REQUIREMENT -
Give the lines again exactly as they appear below, from the line with "Sheath Lavender Chiffon" to the line with "Bali-traveldestinations-bali-beautifulplaces-5.jpg", both included, and only those lines. Leave every picture out.

DATASET ENTRIES -
*** Begin section ***

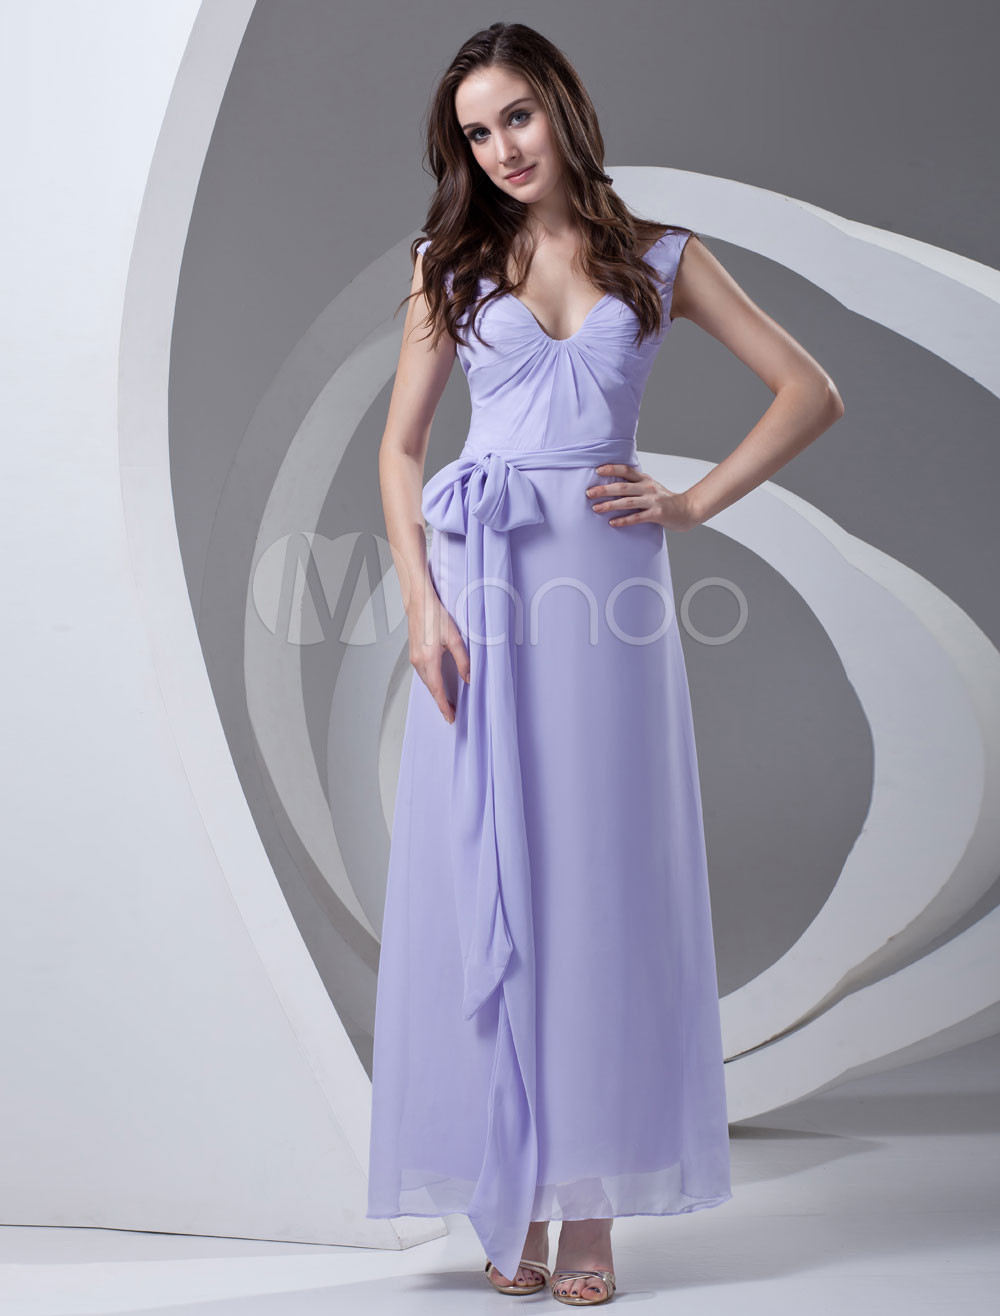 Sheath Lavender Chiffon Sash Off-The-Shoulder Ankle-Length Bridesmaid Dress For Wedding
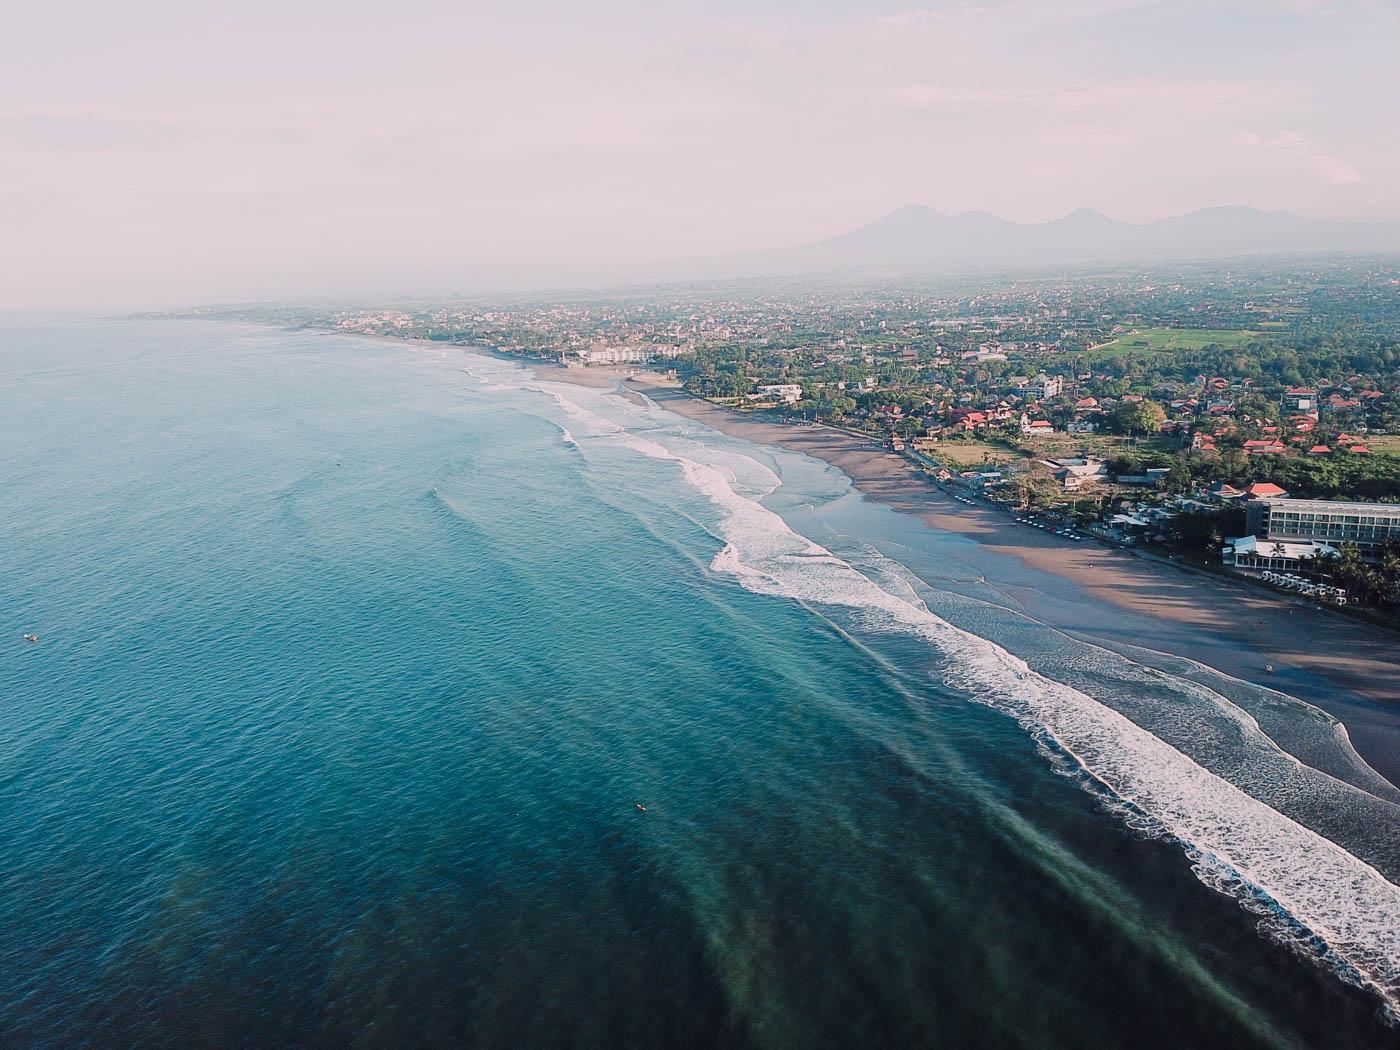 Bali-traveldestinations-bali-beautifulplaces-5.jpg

*** End section ***
*** Begin section ***

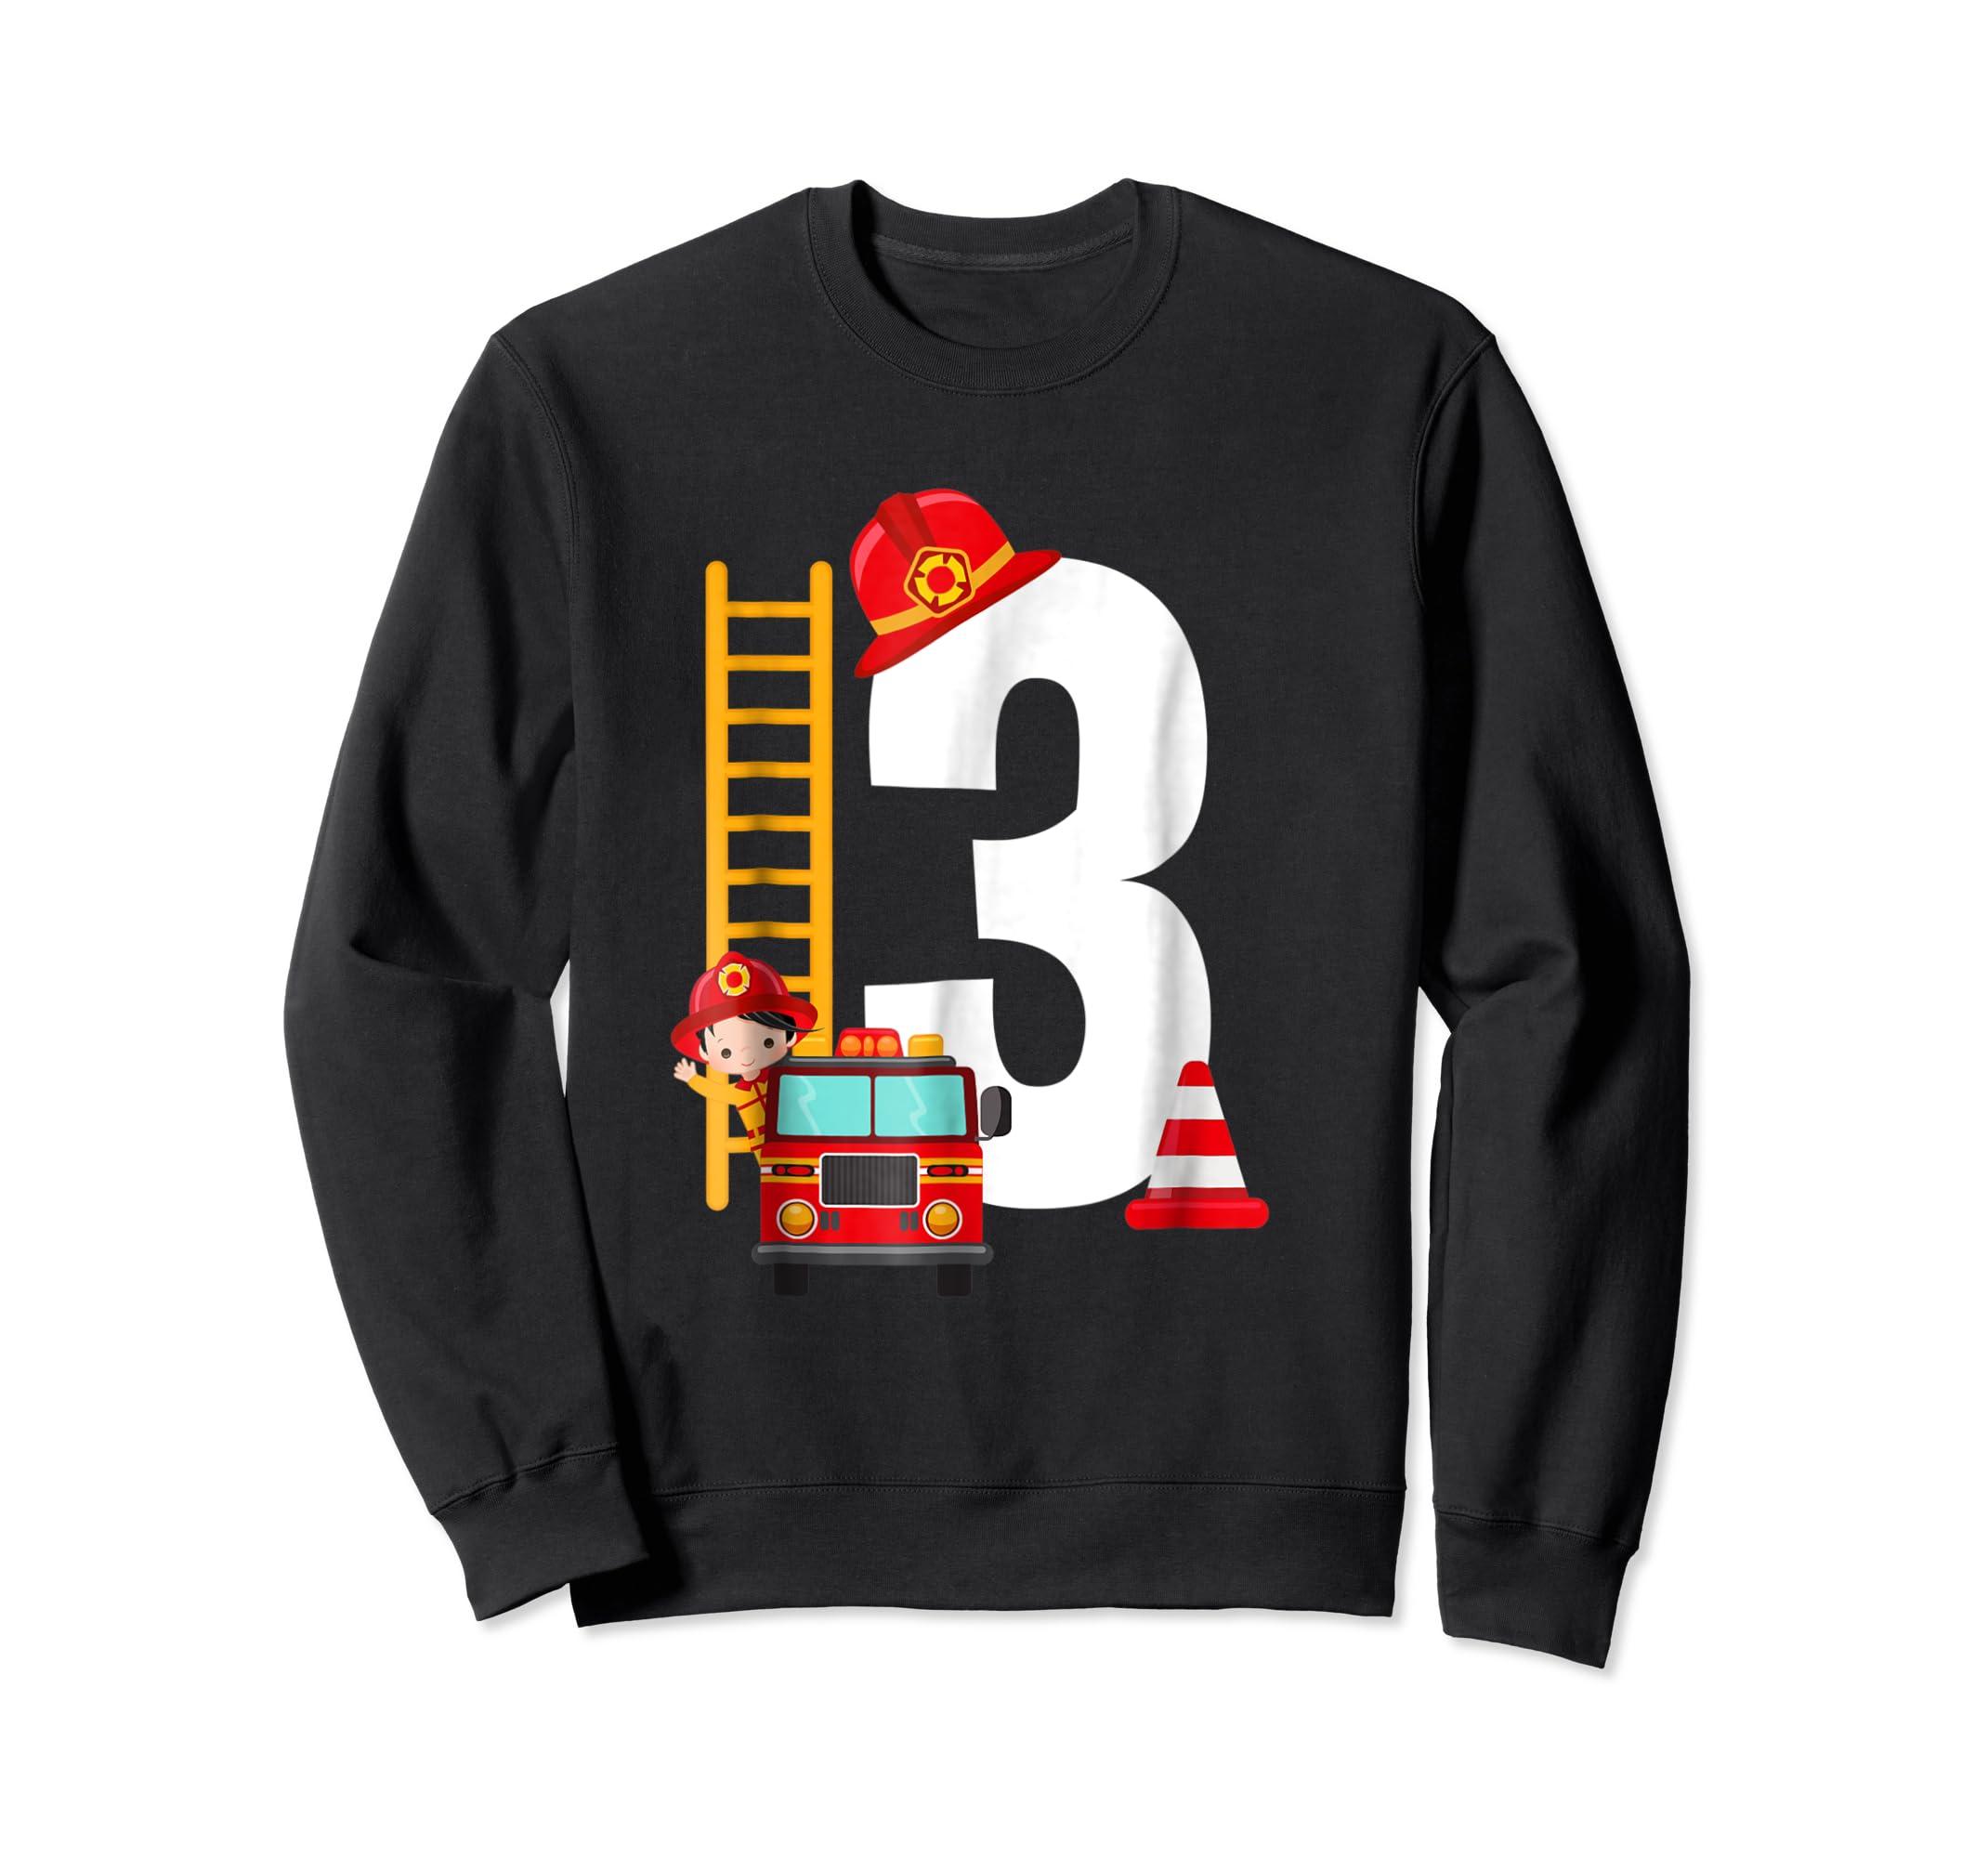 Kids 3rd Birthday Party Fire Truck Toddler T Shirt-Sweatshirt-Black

*** End section ***
*** Begin section ***

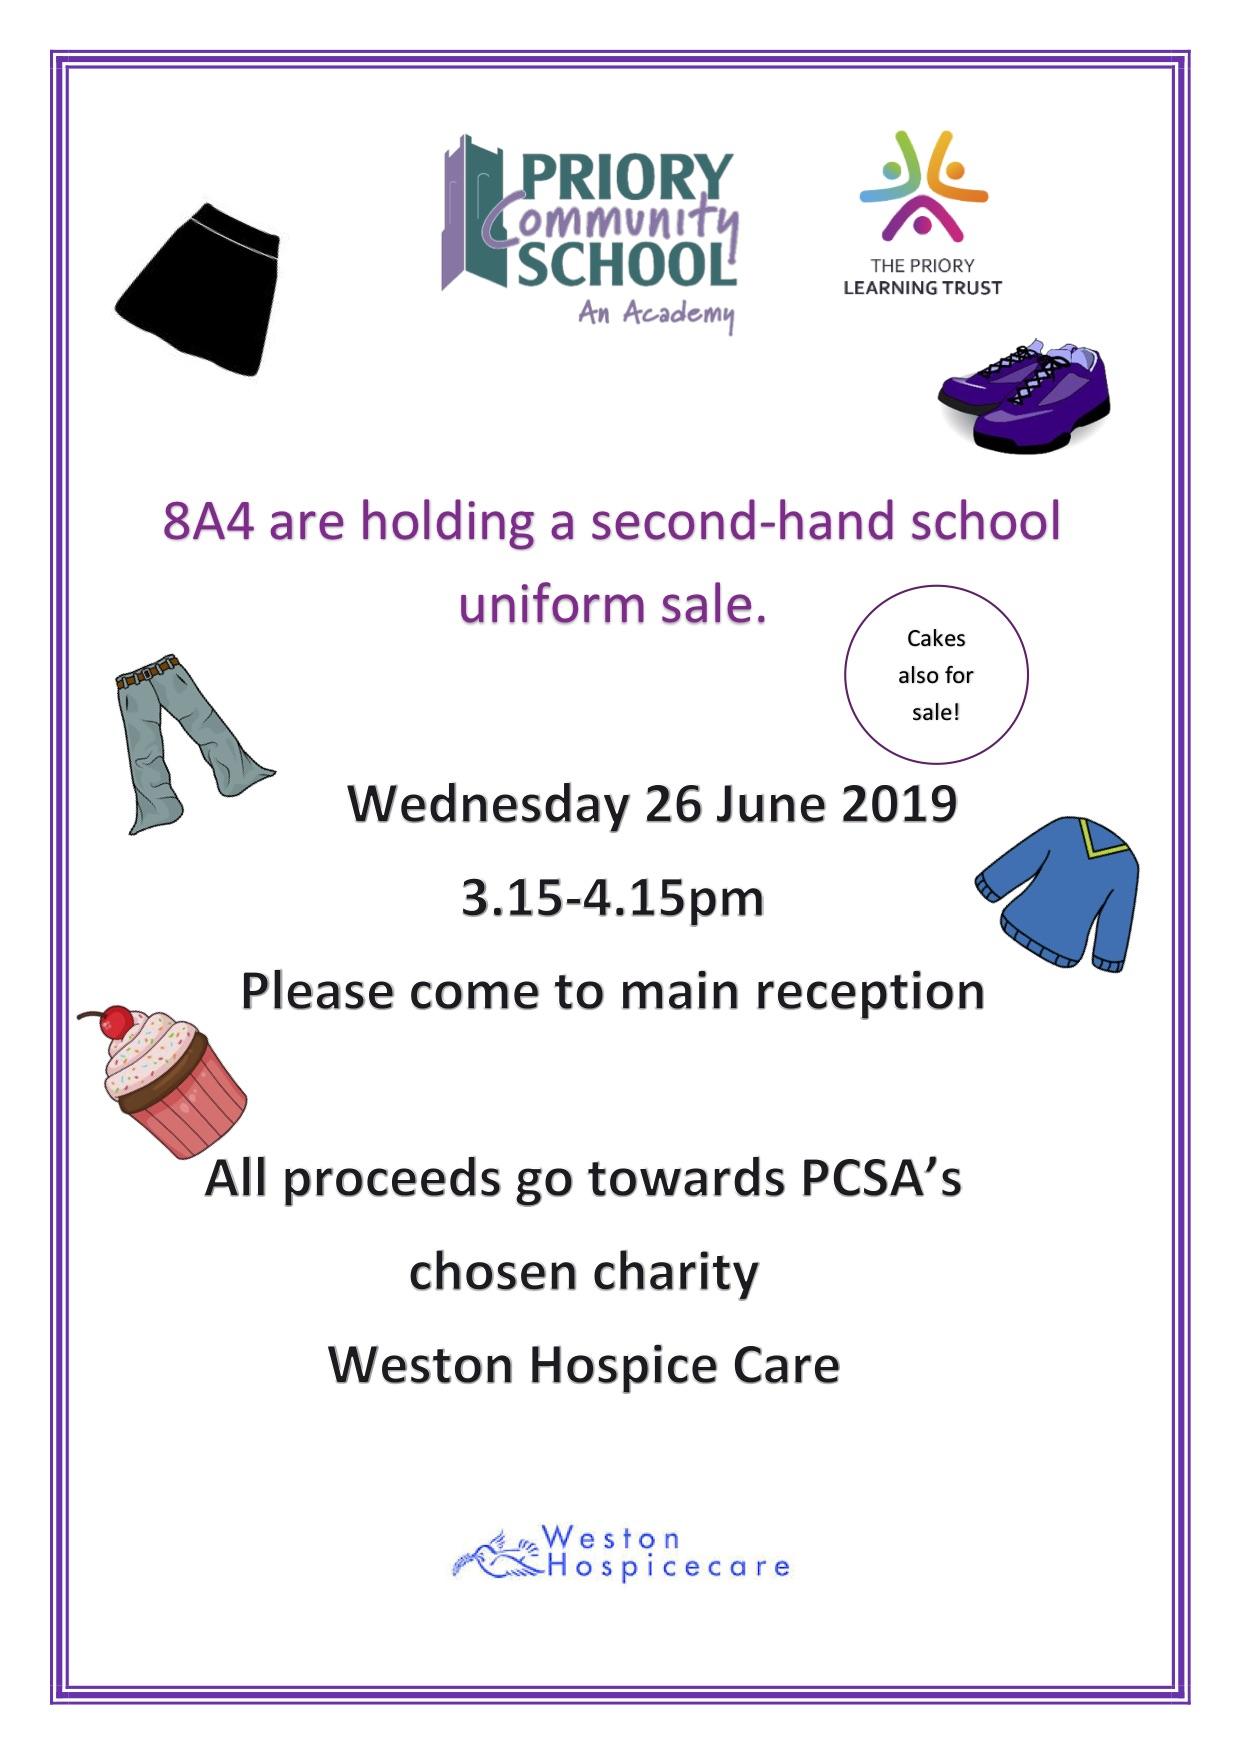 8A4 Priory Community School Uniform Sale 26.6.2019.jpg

*** End section ***

OUTPUT -
 Sheath Lavender Chiffon Sash Off-The-Shoulder Ankle-Length Bridesmaid Dress For Wedding
 Bali-traveldestinations-bali-beautifulplaces-5.jpg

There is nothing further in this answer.